Knowing the signs of Marfan Syndrome can honestly save lives. Every person's experience of Marfan is slightly different and everyone has a different combination of features. Some features are a lot easier to spot than others and unfortunately the most devastating heart complications are often the most silent problems. Having a few of the features of Marfan doesn't mean you have the condition but if you tick quite a few of the boxes then I would recommend that you speak to your general practitioner.

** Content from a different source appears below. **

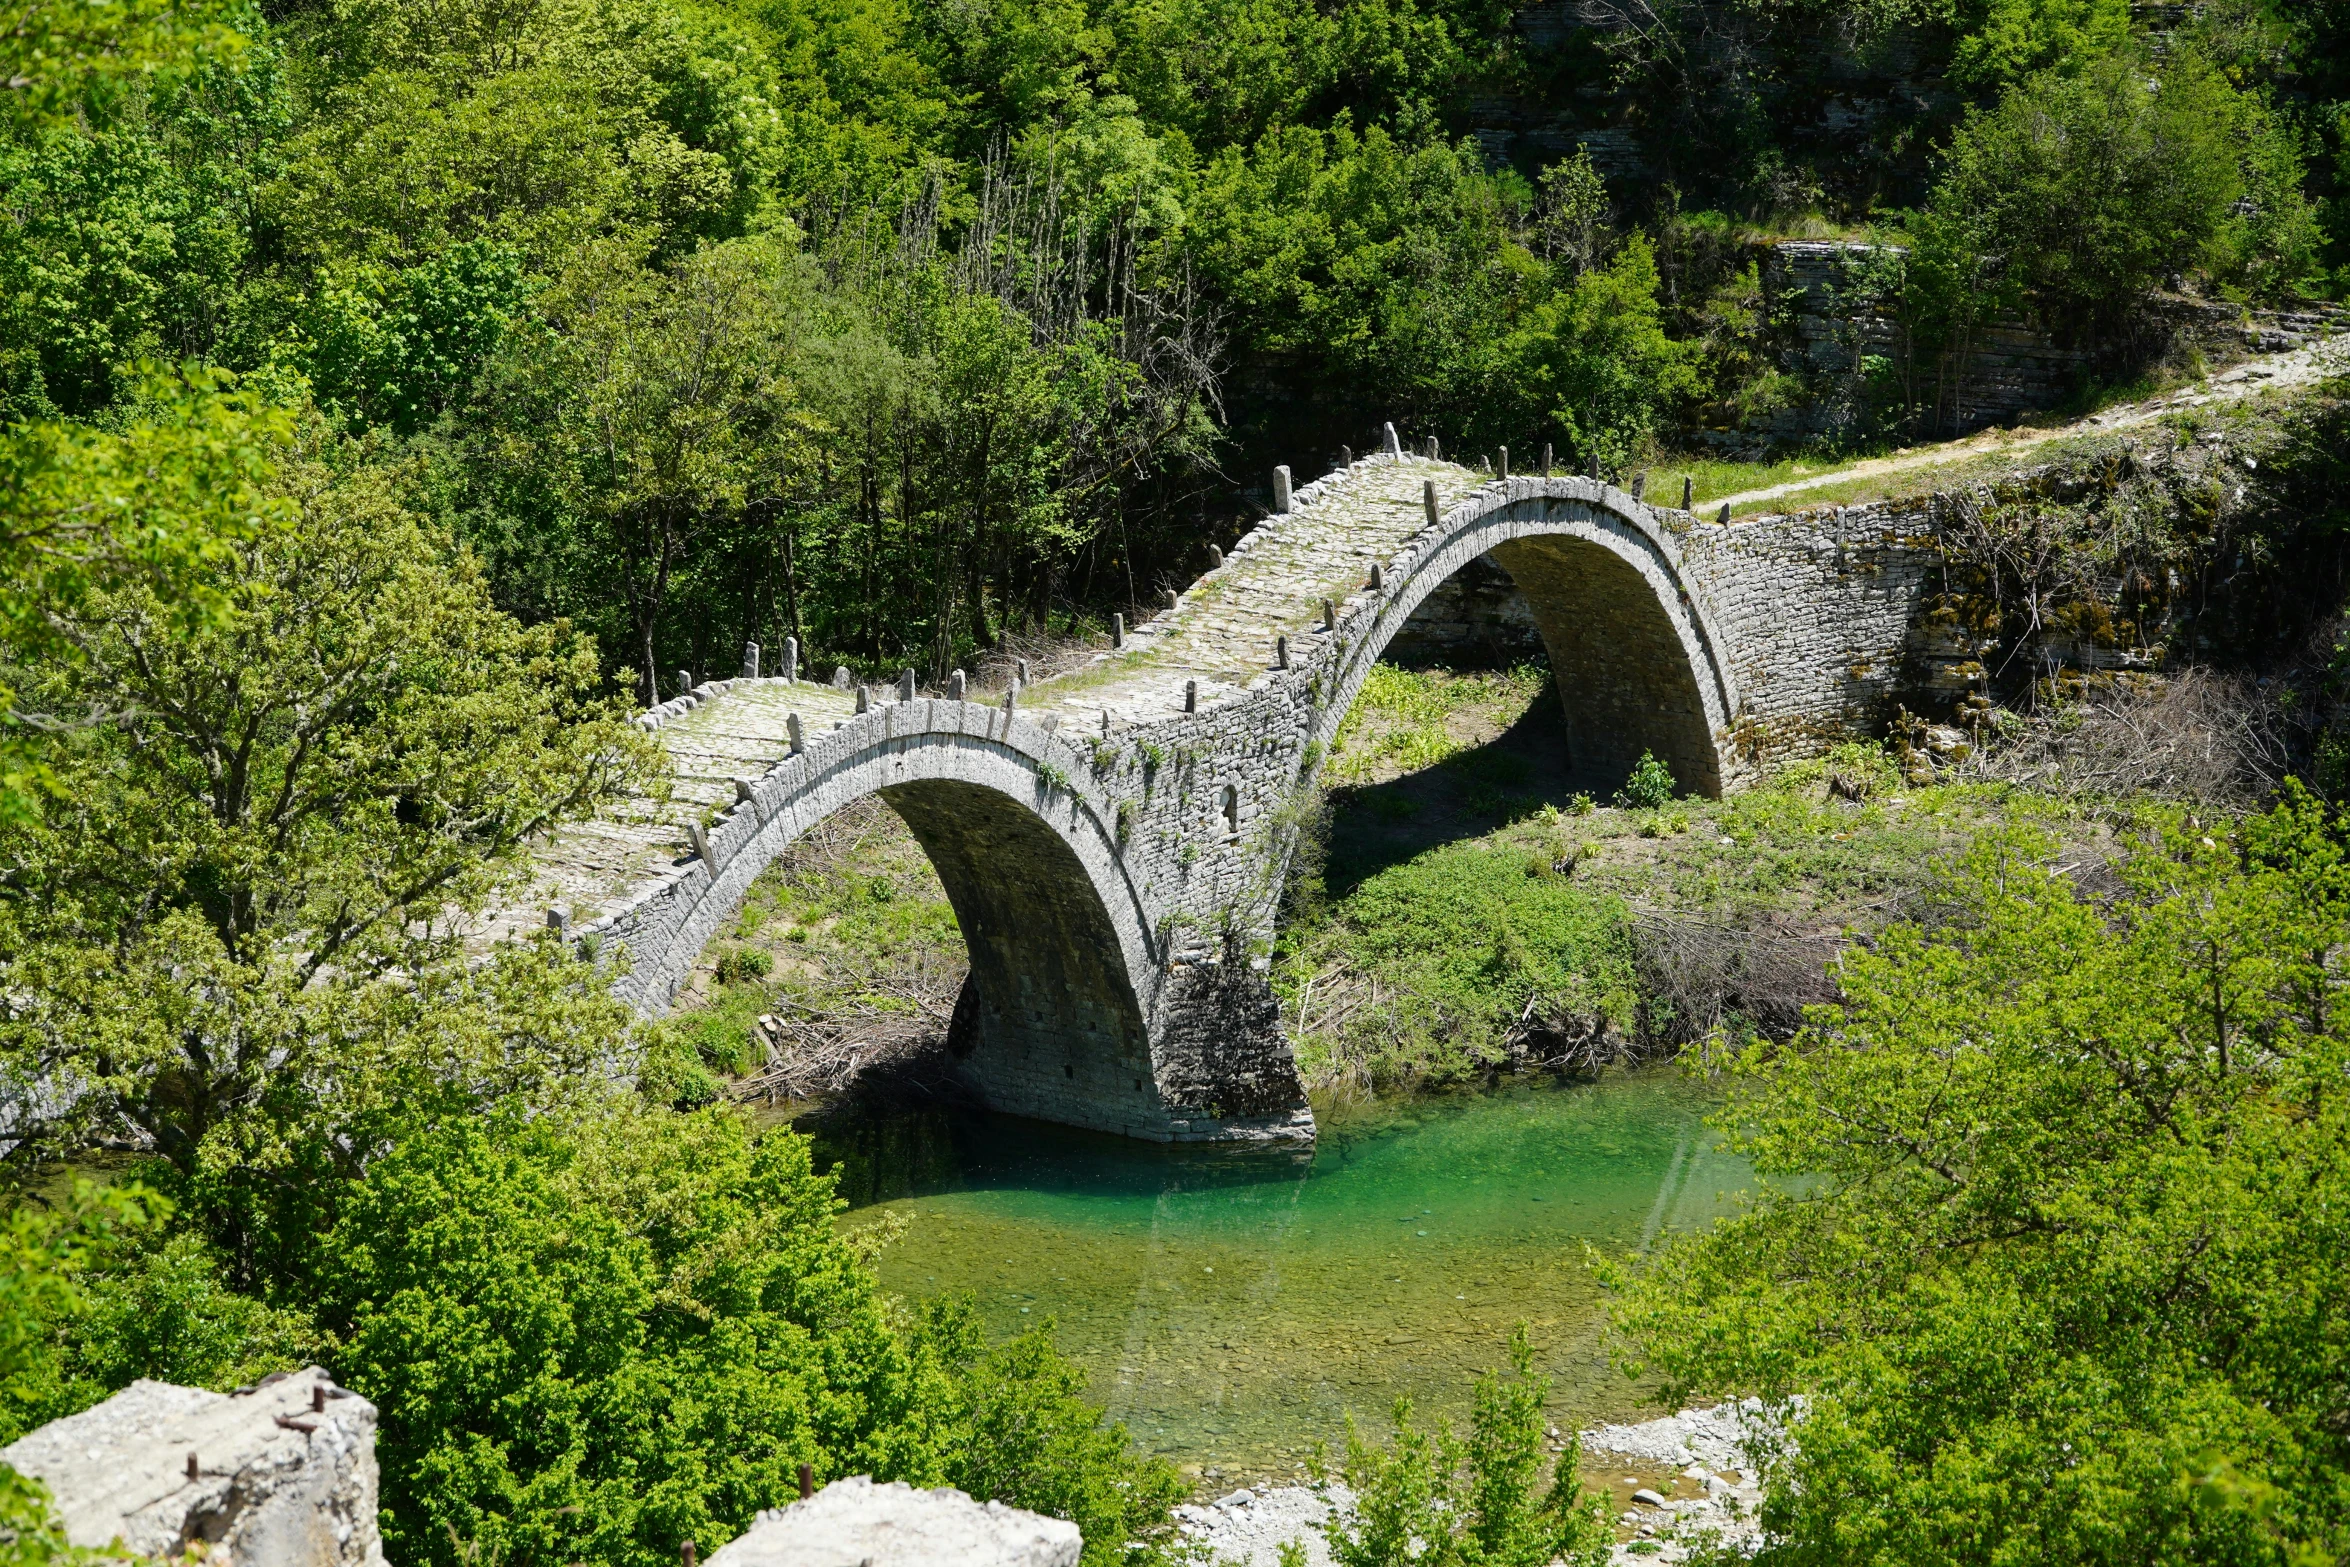 an old stone bridge crosses a river near some trees

  • Long arms, legs and fingers
  • Tall and thin body
  • Curved spine (Scoliosis)
  • Chest that sinks in or sticks out (Pectus Excavatum/Pectus Carinatum)
  • Hypermobile (flexible) joints
  • Flat feet
  • Overcrowded teeth
  • Stretch marks unrelated to weight loss/gain

Some of the other signs are more difficult to detect though, often these are the problems that can be the most devastating so it's important to be investigated thoroughly if Marfan is detected.

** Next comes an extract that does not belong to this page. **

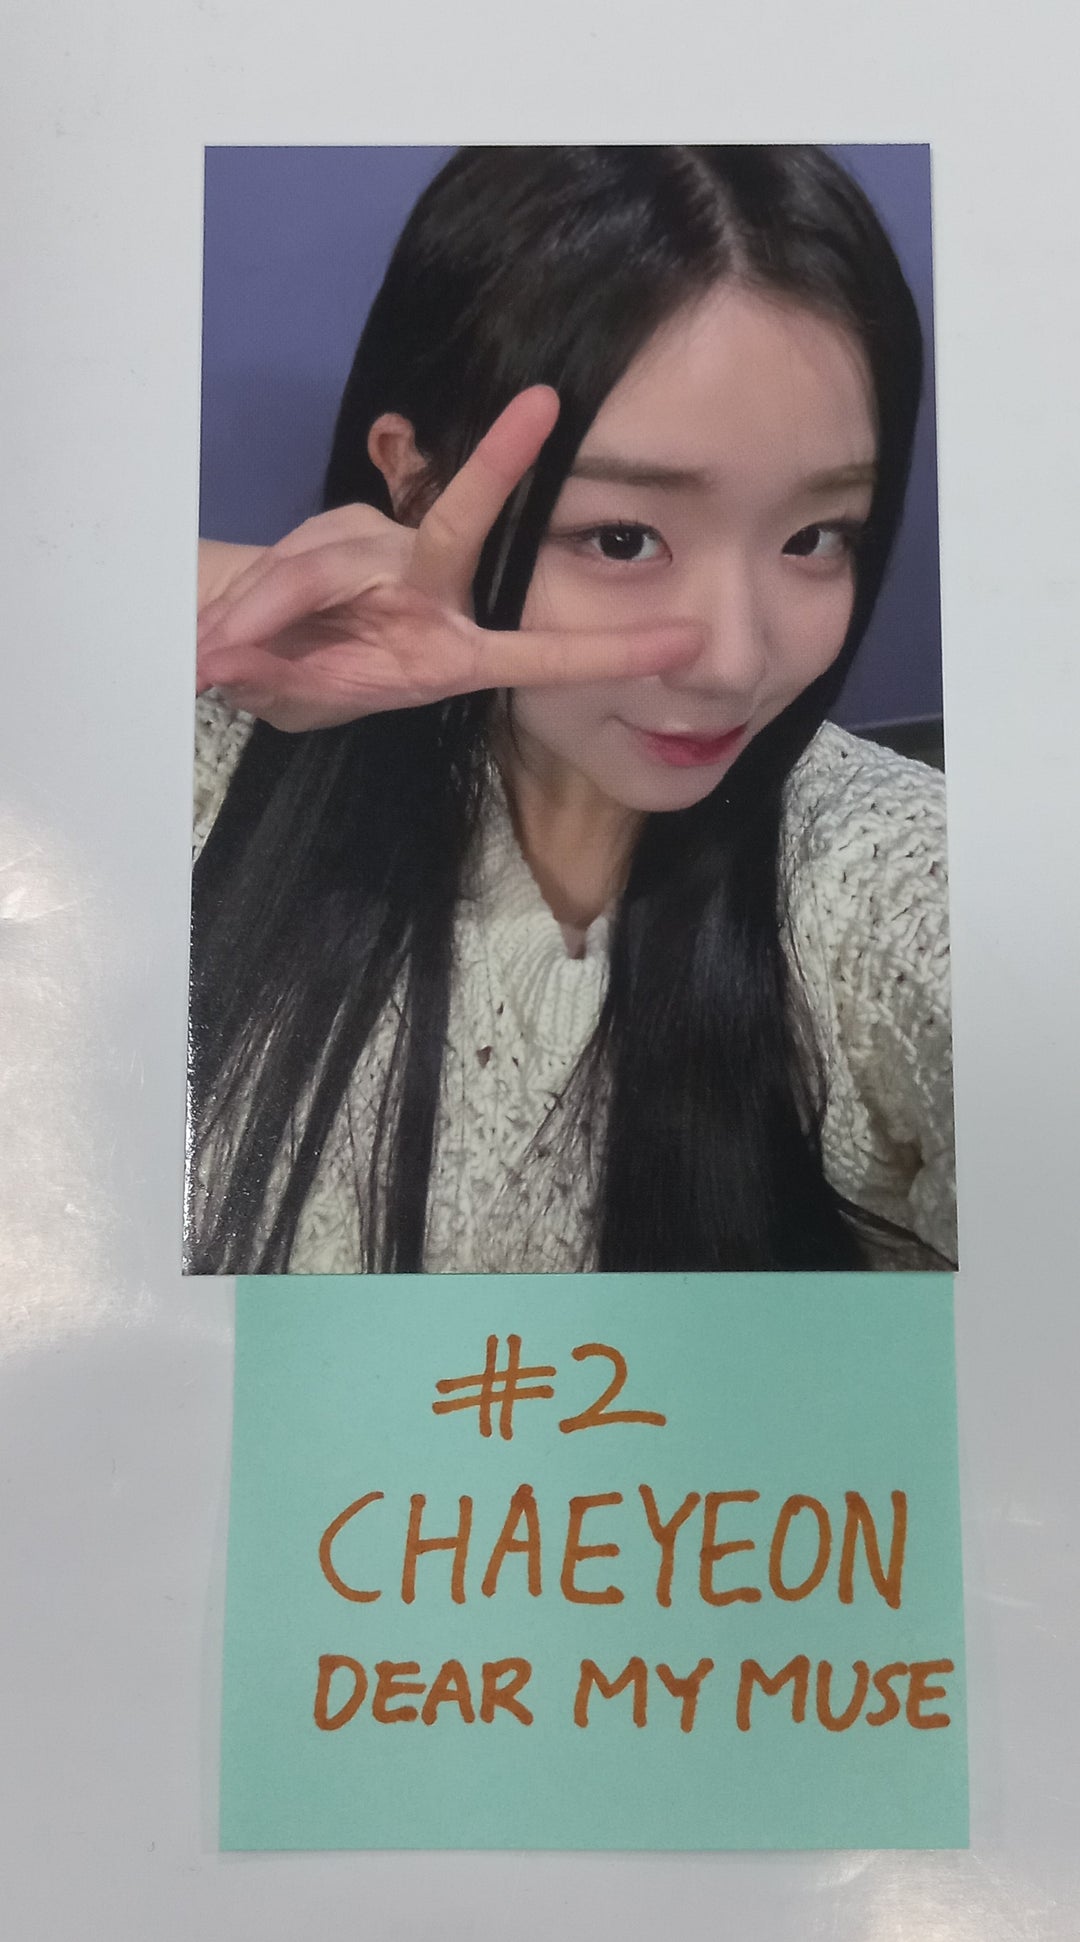 tripleS "EVOLution : Mujuk" - Dear My Muse Fansign Event Photocard Round 2 [24.1.18]

  • Aortic aneurysm (widening of the aorta)
  • Aortic dissection (when the aorta bursts)
  • Mitral valve prolapse
  • Sudden lung collapse (spontaneous pneumothorax)
  • Dislocated lens in the eyes
  • Severe nearsightedness
  • Detached retina
  • Early glaucoma and cataracts
  • Dural ectasia (ballooning of the dural sac surrounding the spinal cord)

There are many other secondary conditions that can also arise as a result of having Marfan such as a hip deformity called protusio acetabuli, spinal cysts, early osteoarthritis and kyphosis. There are also other connective tissue disorders that can sometimes look like Marfan such as Loeys-Dietz Syndrome, Ehlers Danlos Syndrome, Familial Thoracic Aortic Aneurysm and Dissection, MASS Phenotype, Ectopia Lentis Syndrome, Beals Syndrome, Bicuspid Aortic Valve, Stickler Syndrome and Shprintzen-Goldberg Syndrome.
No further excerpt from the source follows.